**Exercise instructions**
Print out the data precisely as it appears here, with no pictures.

**Input data**
=====

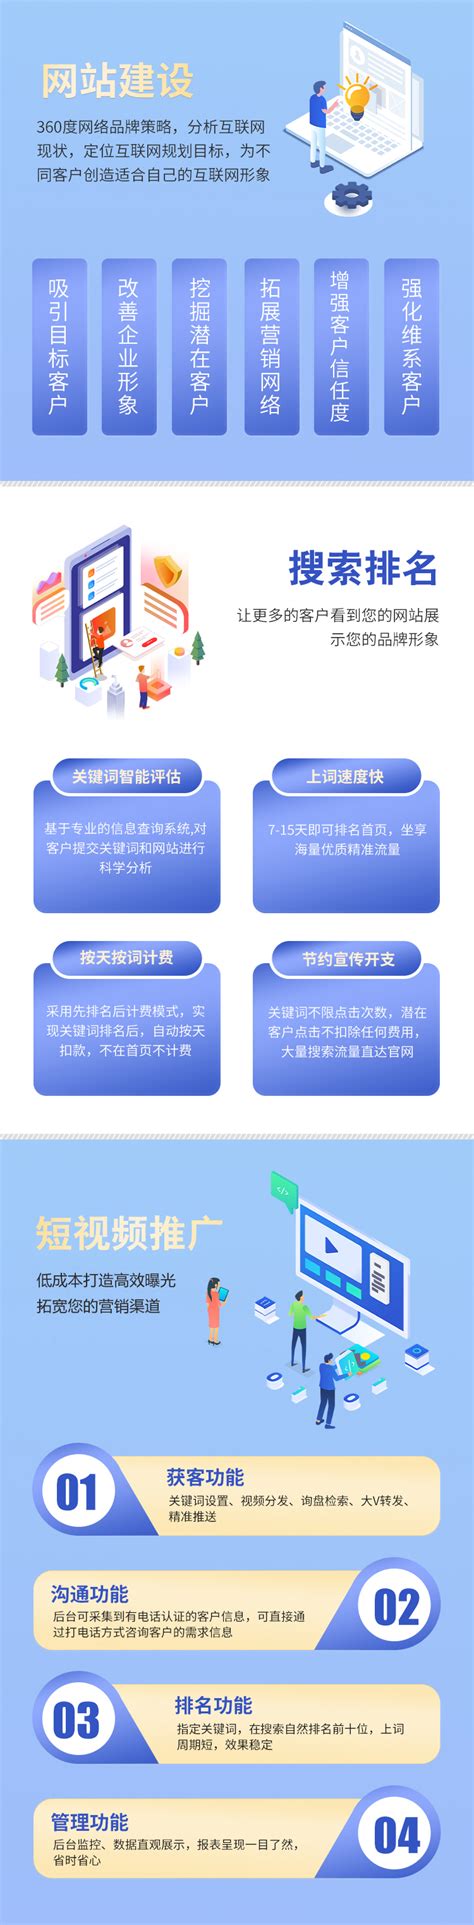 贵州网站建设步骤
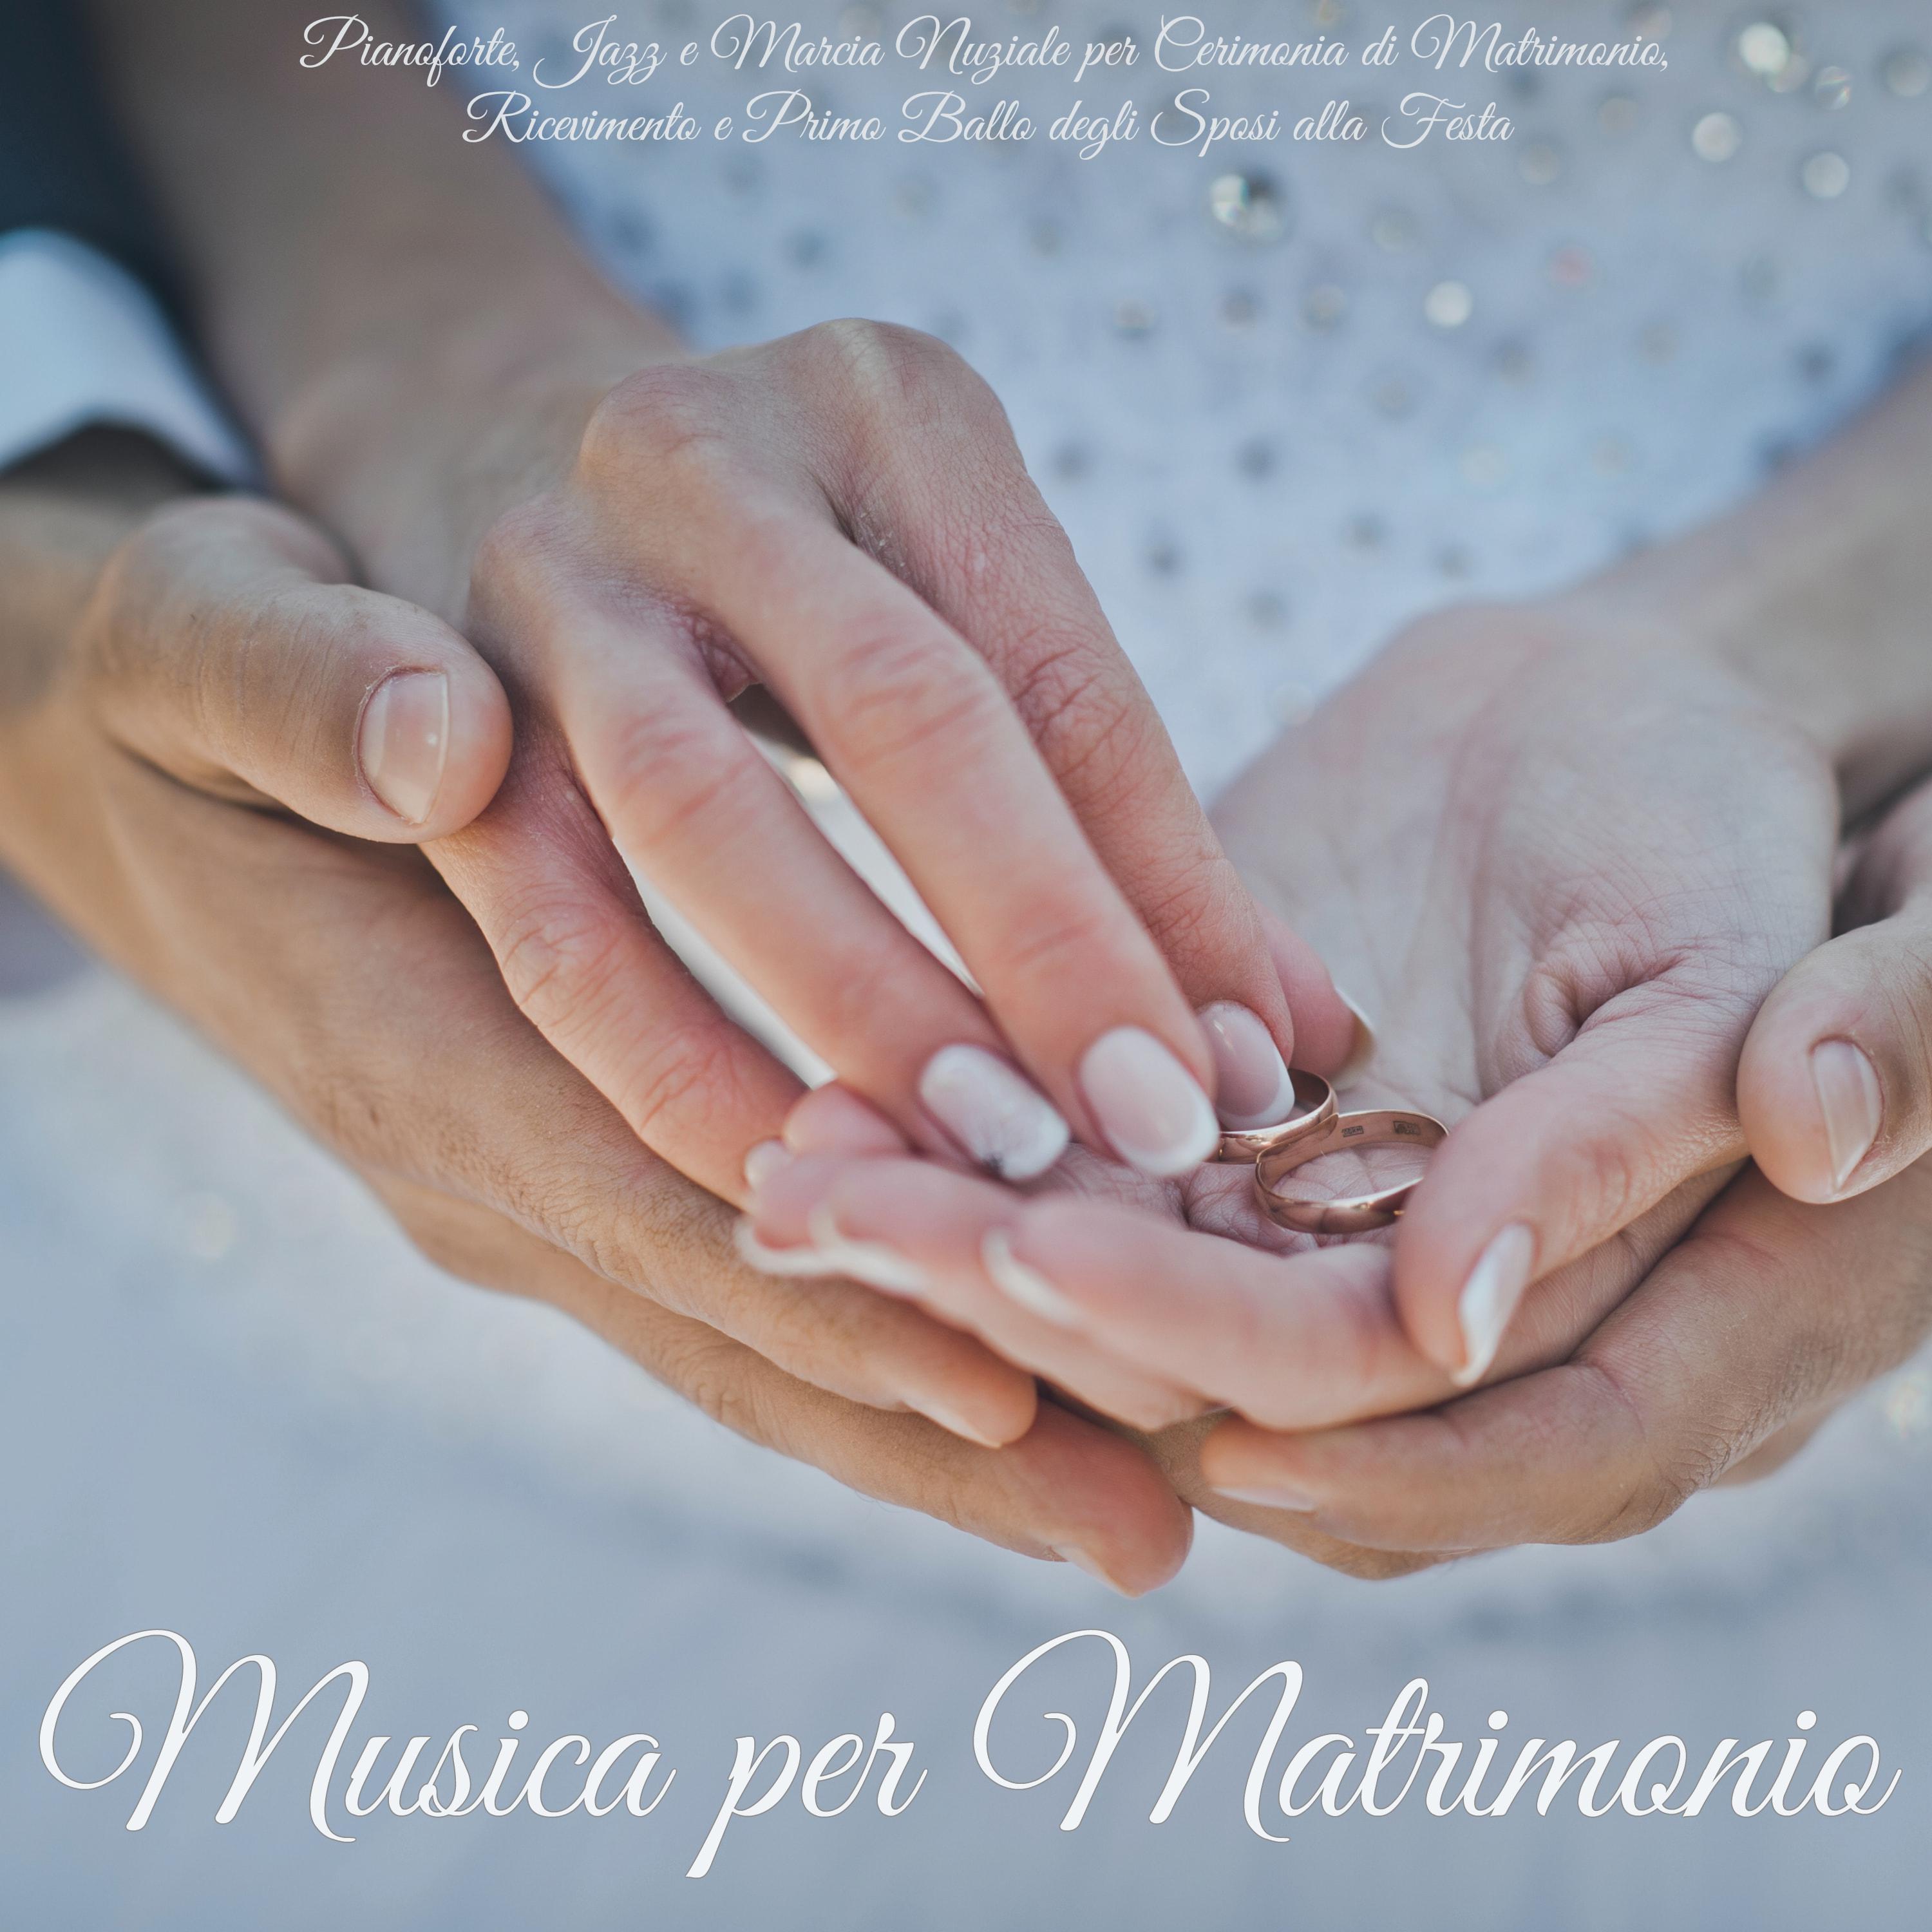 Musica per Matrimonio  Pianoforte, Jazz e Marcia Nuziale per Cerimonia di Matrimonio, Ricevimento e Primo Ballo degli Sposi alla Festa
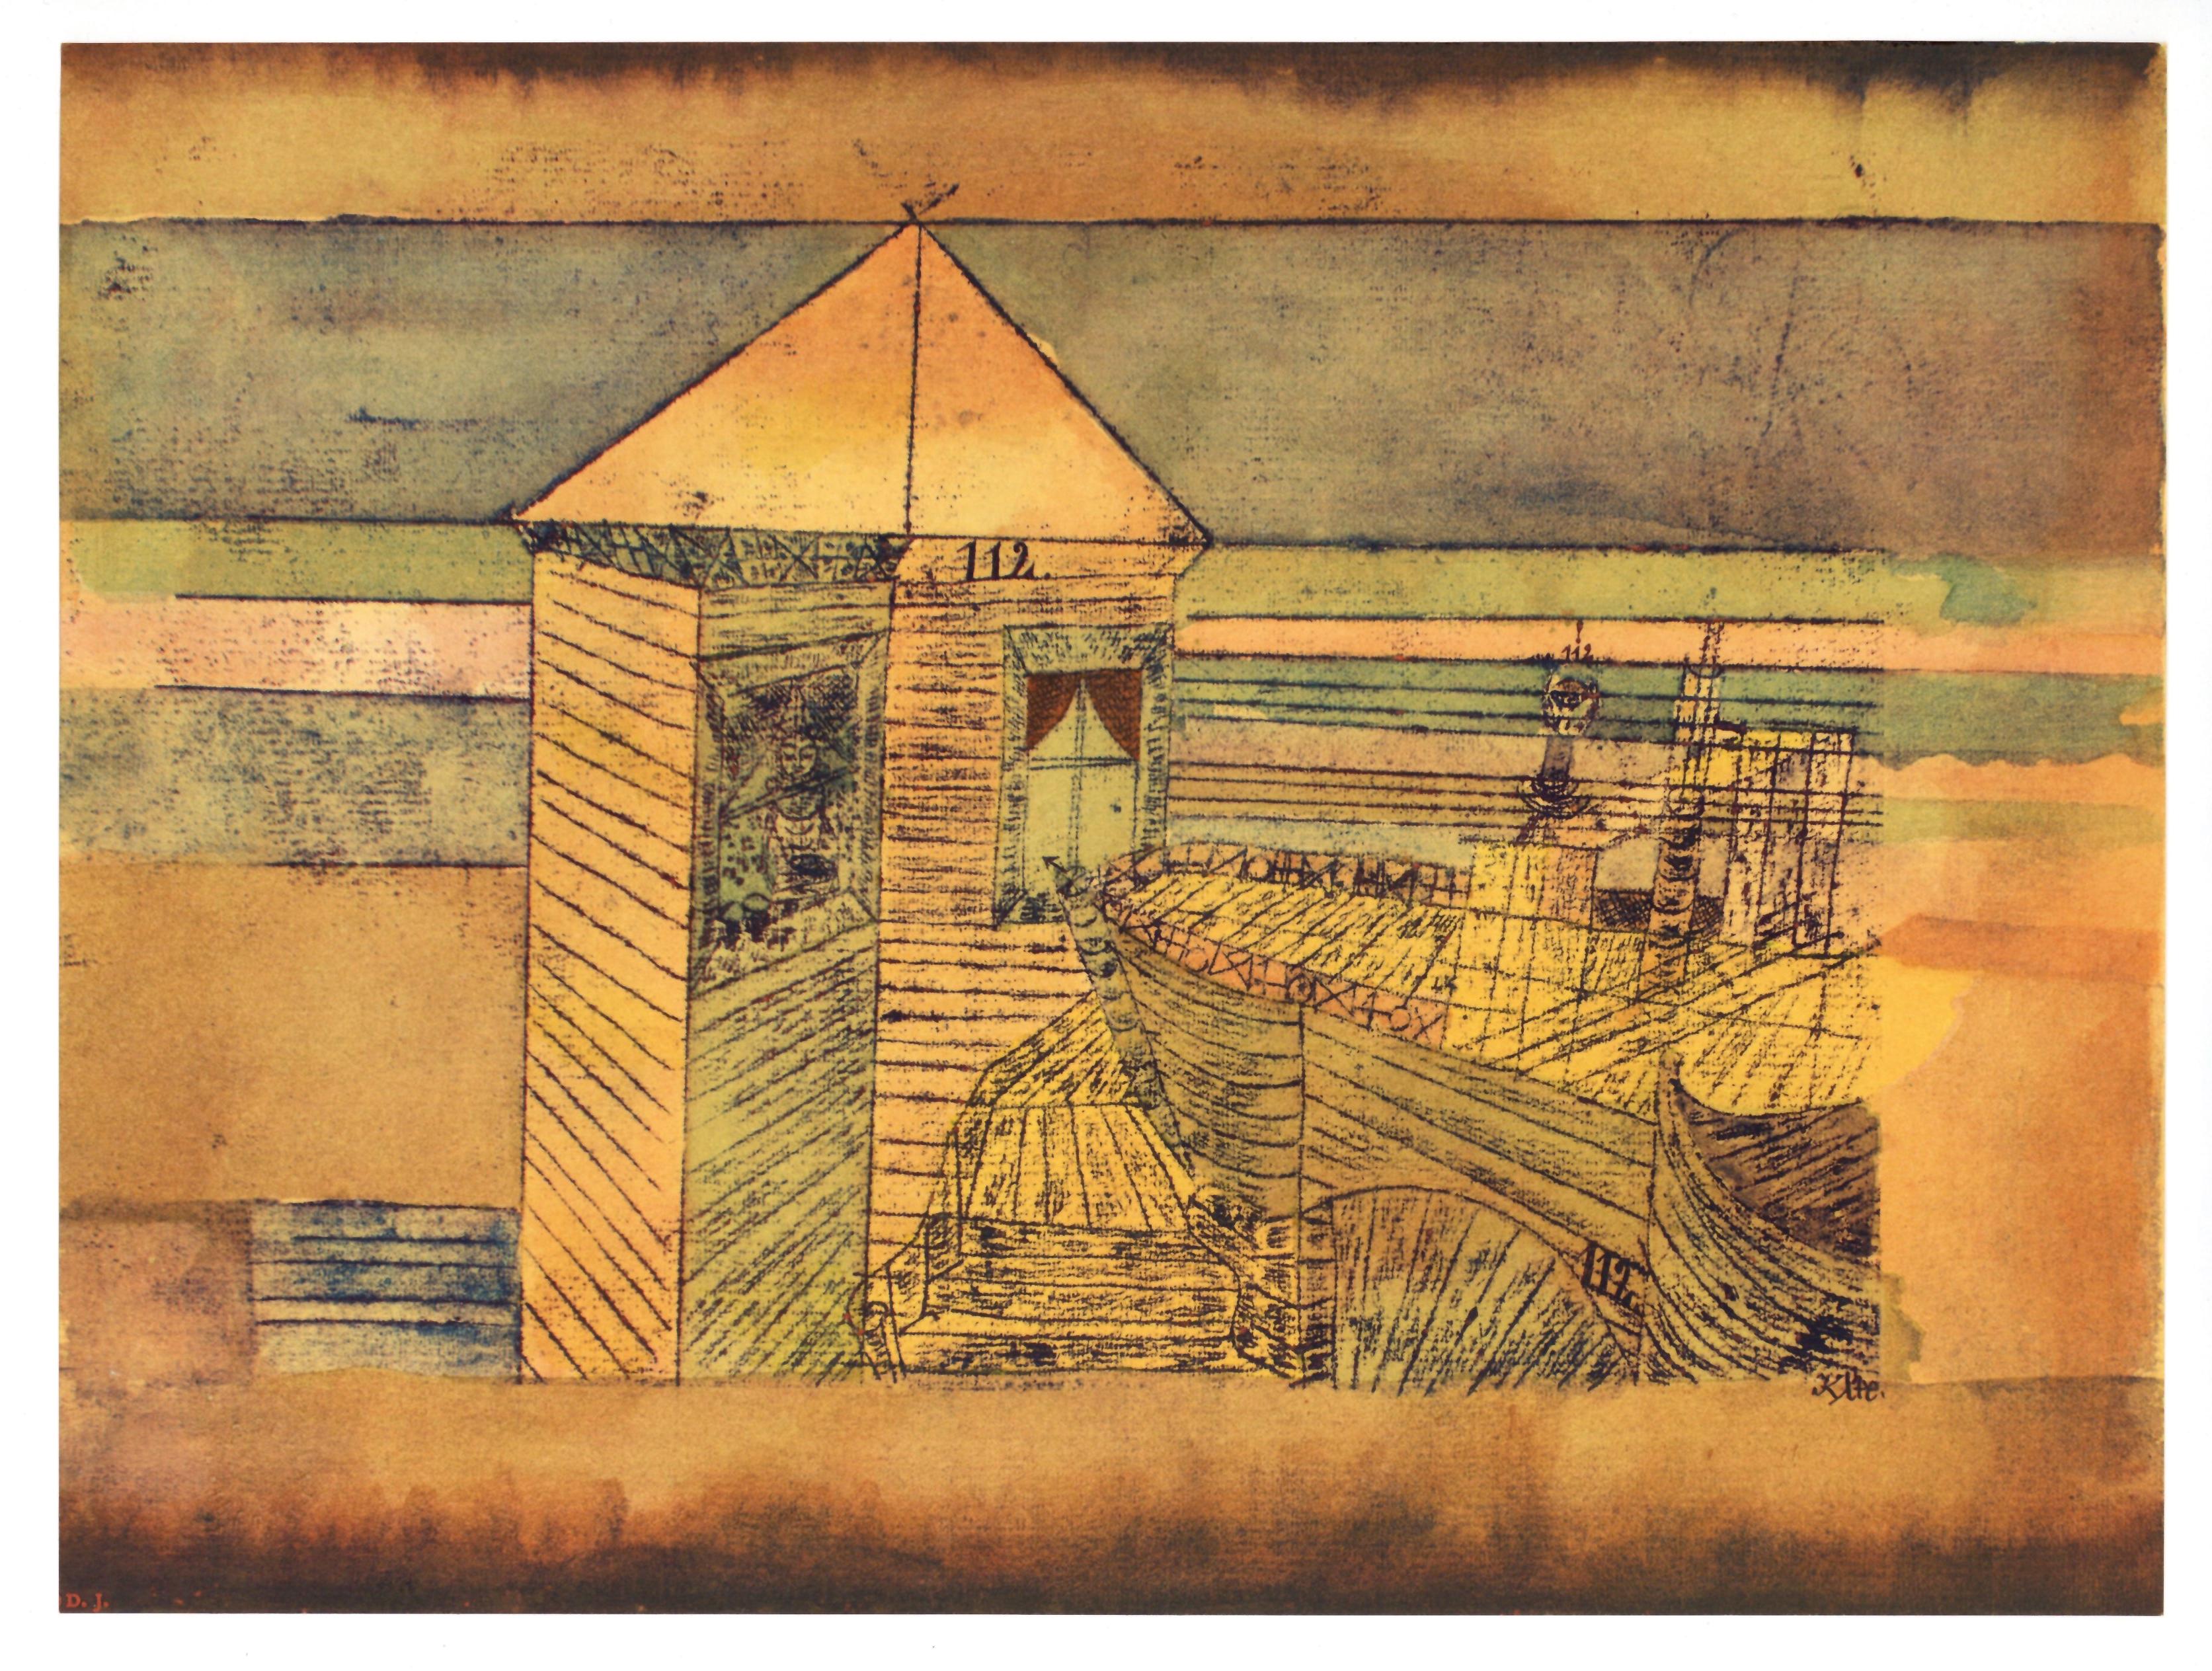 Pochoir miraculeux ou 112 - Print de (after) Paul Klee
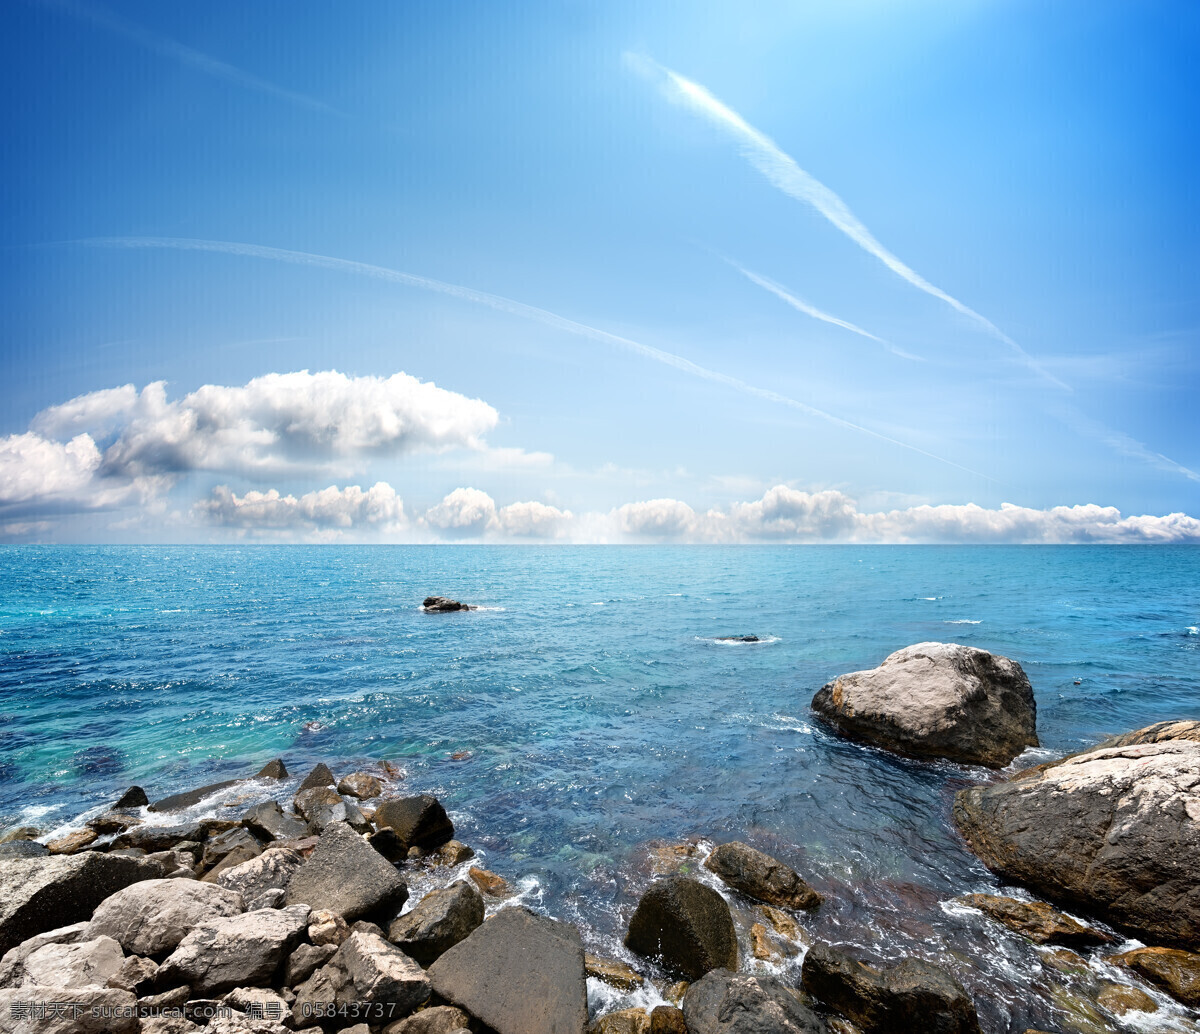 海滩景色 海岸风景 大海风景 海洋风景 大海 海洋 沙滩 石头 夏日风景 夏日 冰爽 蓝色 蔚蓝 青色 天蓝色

=====

**Result for this task**
 贵州网站建设步骤
 Musica per Matrimonio  Pianoforte, Jazz e Marcia Nuziale per Cerimonia di Matrimonio, Ricevimento e Primo Ballo degli Sposi alla Festa
 Pochoir miraculeux ou 112 - Print de (after) Paul Klee
 海滩景色 海岸风景 大海风景 海洋风景 大海 海洋 沙滩 石头 夏日风景 夏日 冰爽 蓝色 蔚蓝 青色 天蓝色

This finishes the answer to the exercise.